The GB-InSAR is composed of a microwave transceiver mounted on a linear rail (Tarchi et al., 1997; Rudolf et al., 1999; Tarchi et al., 1999). The system used is based on a continuous-wave–stepped-frequency radar, which moves along the rail at millimeter steps in order to perform the synthetic aperture: the longer the rail, the higher the cross-range resolution. The microwave transmitter produces, step by step, continuous waves around a central frequency, which influences the cross-range resolution and determines the interferometric sensitivity, i.e., the minimum measurable displacement, usually largely smaller than the corresponding wavelength.

The radar produces complex radar images containing the information relative to both phase and amplitude of the microwave signal backscattered by the target (Bamler and Hartl, 1998; Antonello et al., 2004). The amplitude of a single image provides the radar reflectivity of the scenario at a given time, while the phase of a single image is not usable. The technique that enables to retrieve displacement information is called interferometry and requires the phase from two images. In this way, it is possible to elaborate a displacement map relative to the elapsed time between the two acquisitions.

The main added value of GB-InSAR is its capability to blend the boundary between mapping and monitoring, by computing 2-D displacement maps in near-real time. The use of this tool to monitor structures, landslides, volcanoes and sinkholes is widely documented (Calvari et al., 2016; Di Traglia, 2014; Intrieri et al., 2015; Bardi et al., 2016, 2017; Martino and Mazzanti, 2014; Severin et al., 2014; Tapete et al., 2013), as well as for early warning and forecasting (Intrieri et al., 2012; Carlà et al., 2016a, b; Lombardi et al., 2016).

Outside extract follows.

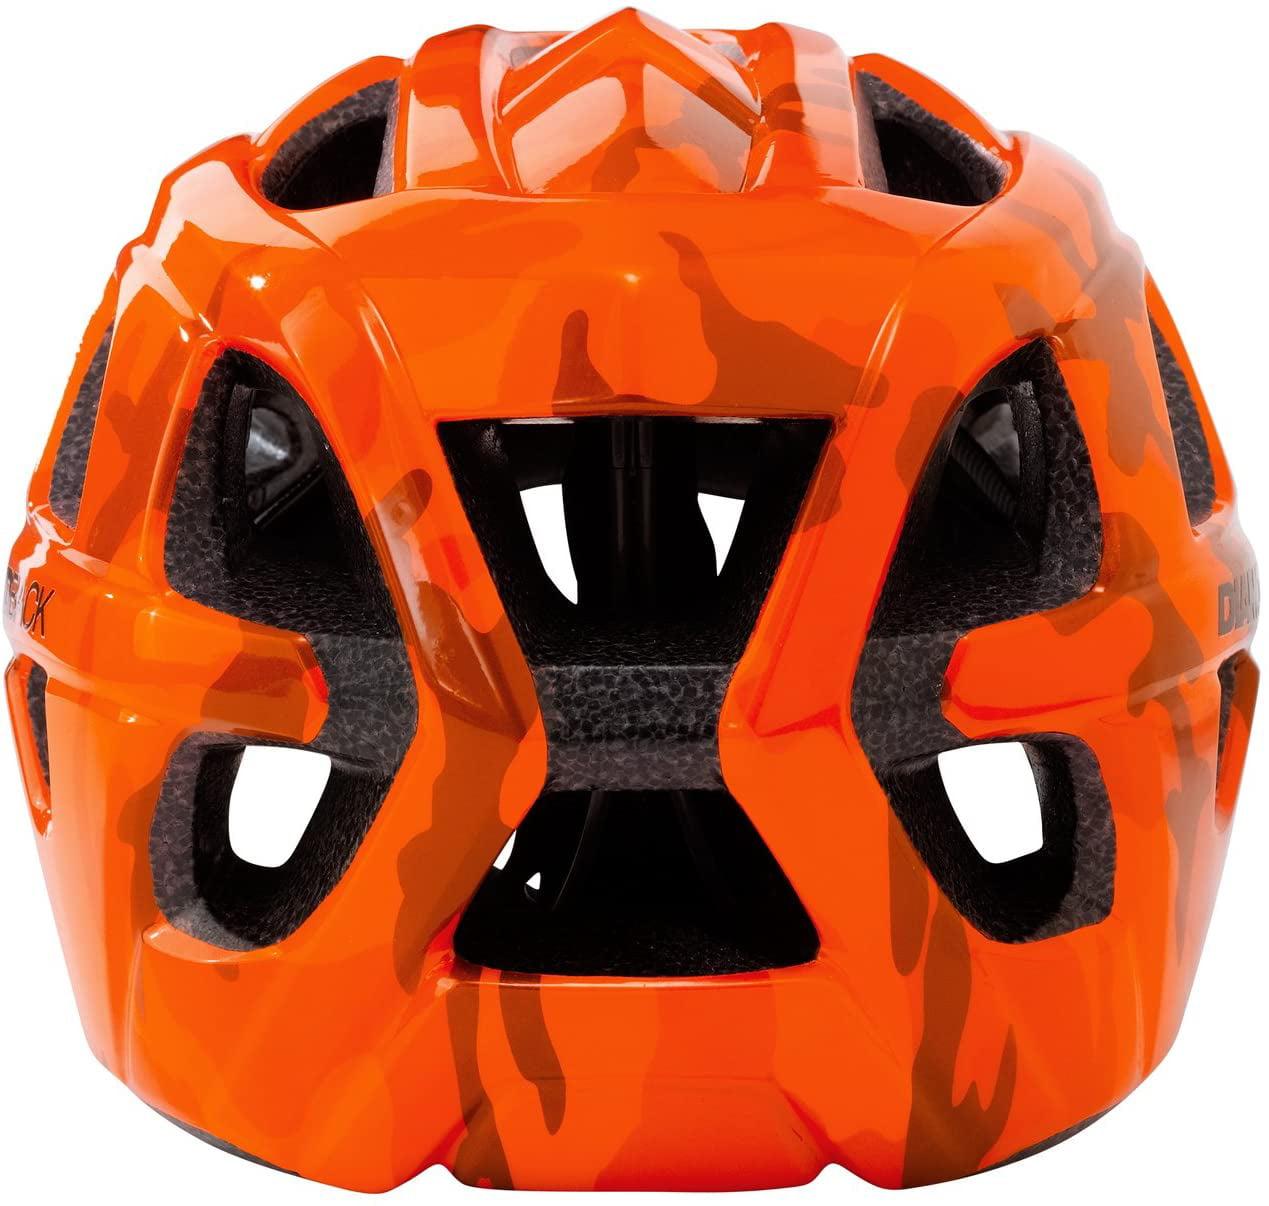 Orange Diamondback 88-32-016 Octane Youth Bike Helmet,Fits Heads from 49-52cm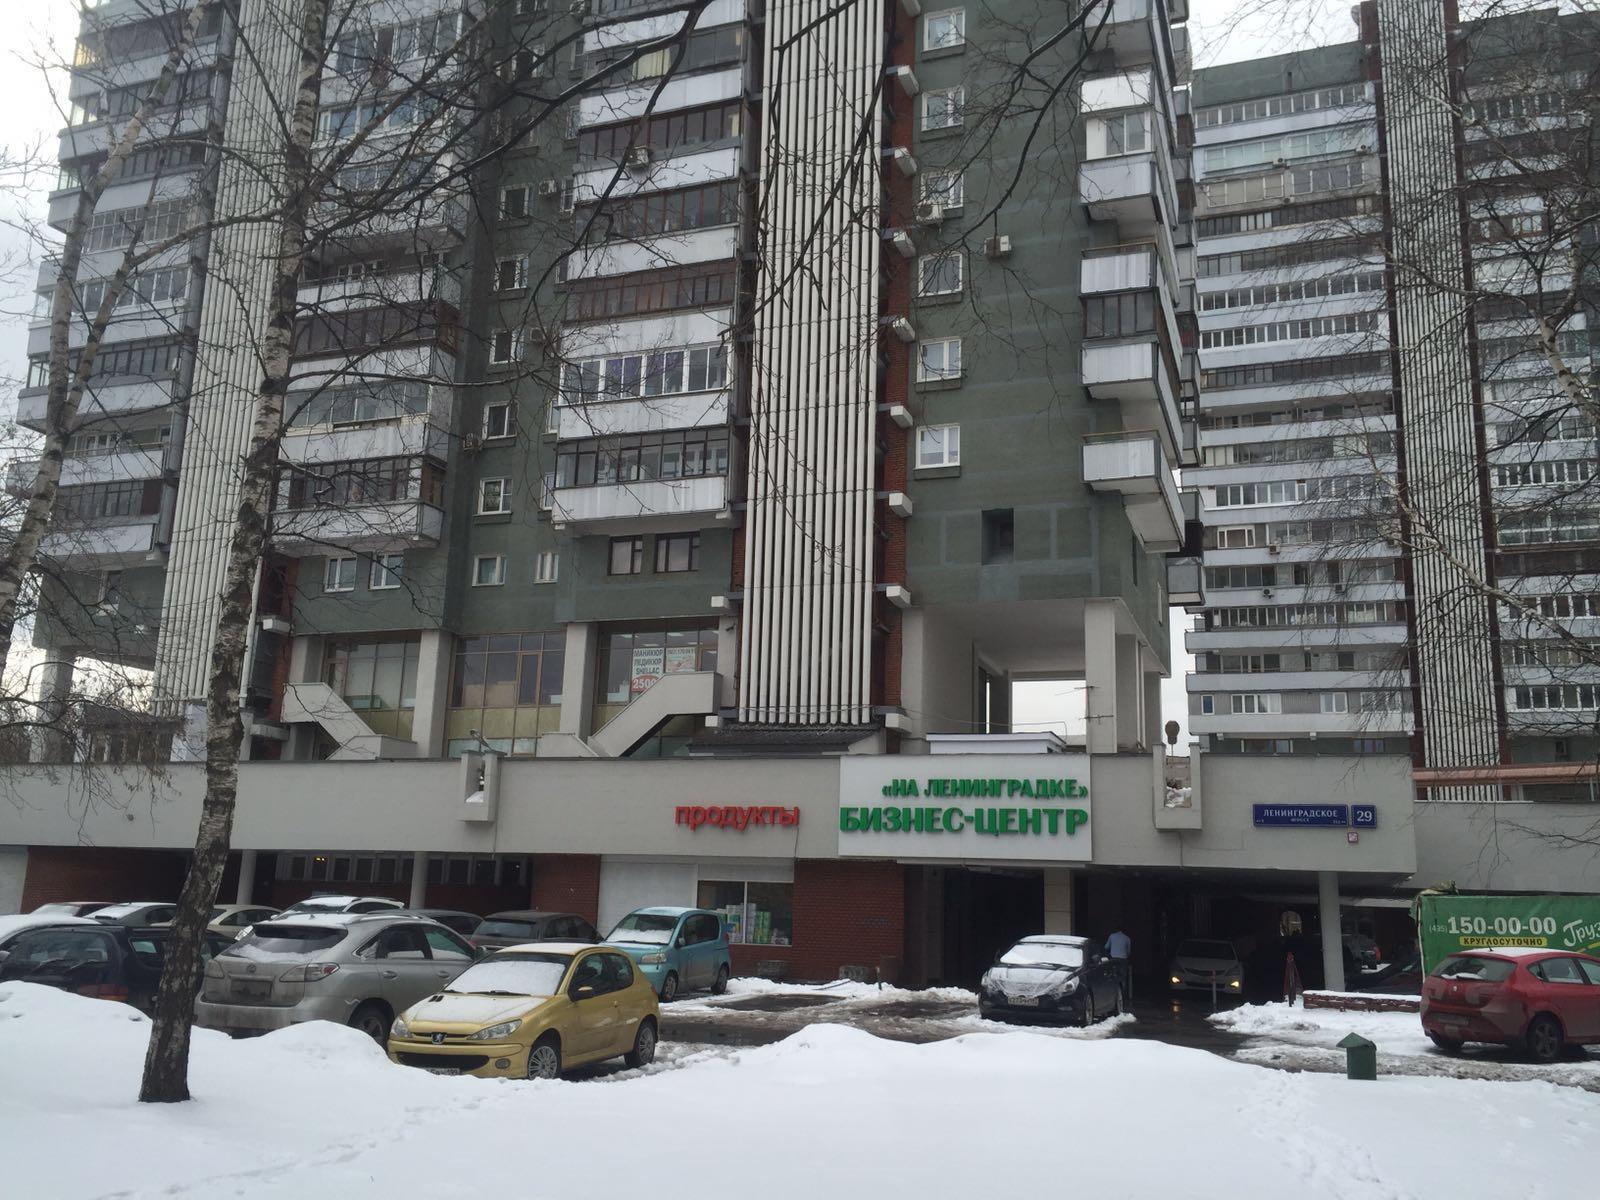 ТРИКОЛОР НА ЛЕНИНГРАДСКОМ ШОССЕ  Д.31

GB-InSAR systems probably reveal their full potential in emergency conditions. They are transportable and only require from a few tens of minutes to a few hours to be installed (depending on the logistics of the site). Moreover, they can detect “near-real-time” area displacements, without accessing the unstable area, 24 h a day and in all weather conditions (Del Ventisette et al., 2011; Luzi, 2010; Monserrat et al., 2014). On the other hand, some limitations reduce the GB-InSAR technique applicability: first of all, the scenario must present specific characteristics in order to reflect microwave radiations, maintaining high coherence values (Luzi, 2010; Monserrat et al., 2014); only a component of the real displacement vector can be identified (i.e., the component parallel to the sensor's line of sight); and maximum detectable velocities are connected to the time that the system needs to obtain two subsequent acquisitions. Sensors need power supply that, for long-term monitoring, cannot be replaced by batteries, generators or solar panels.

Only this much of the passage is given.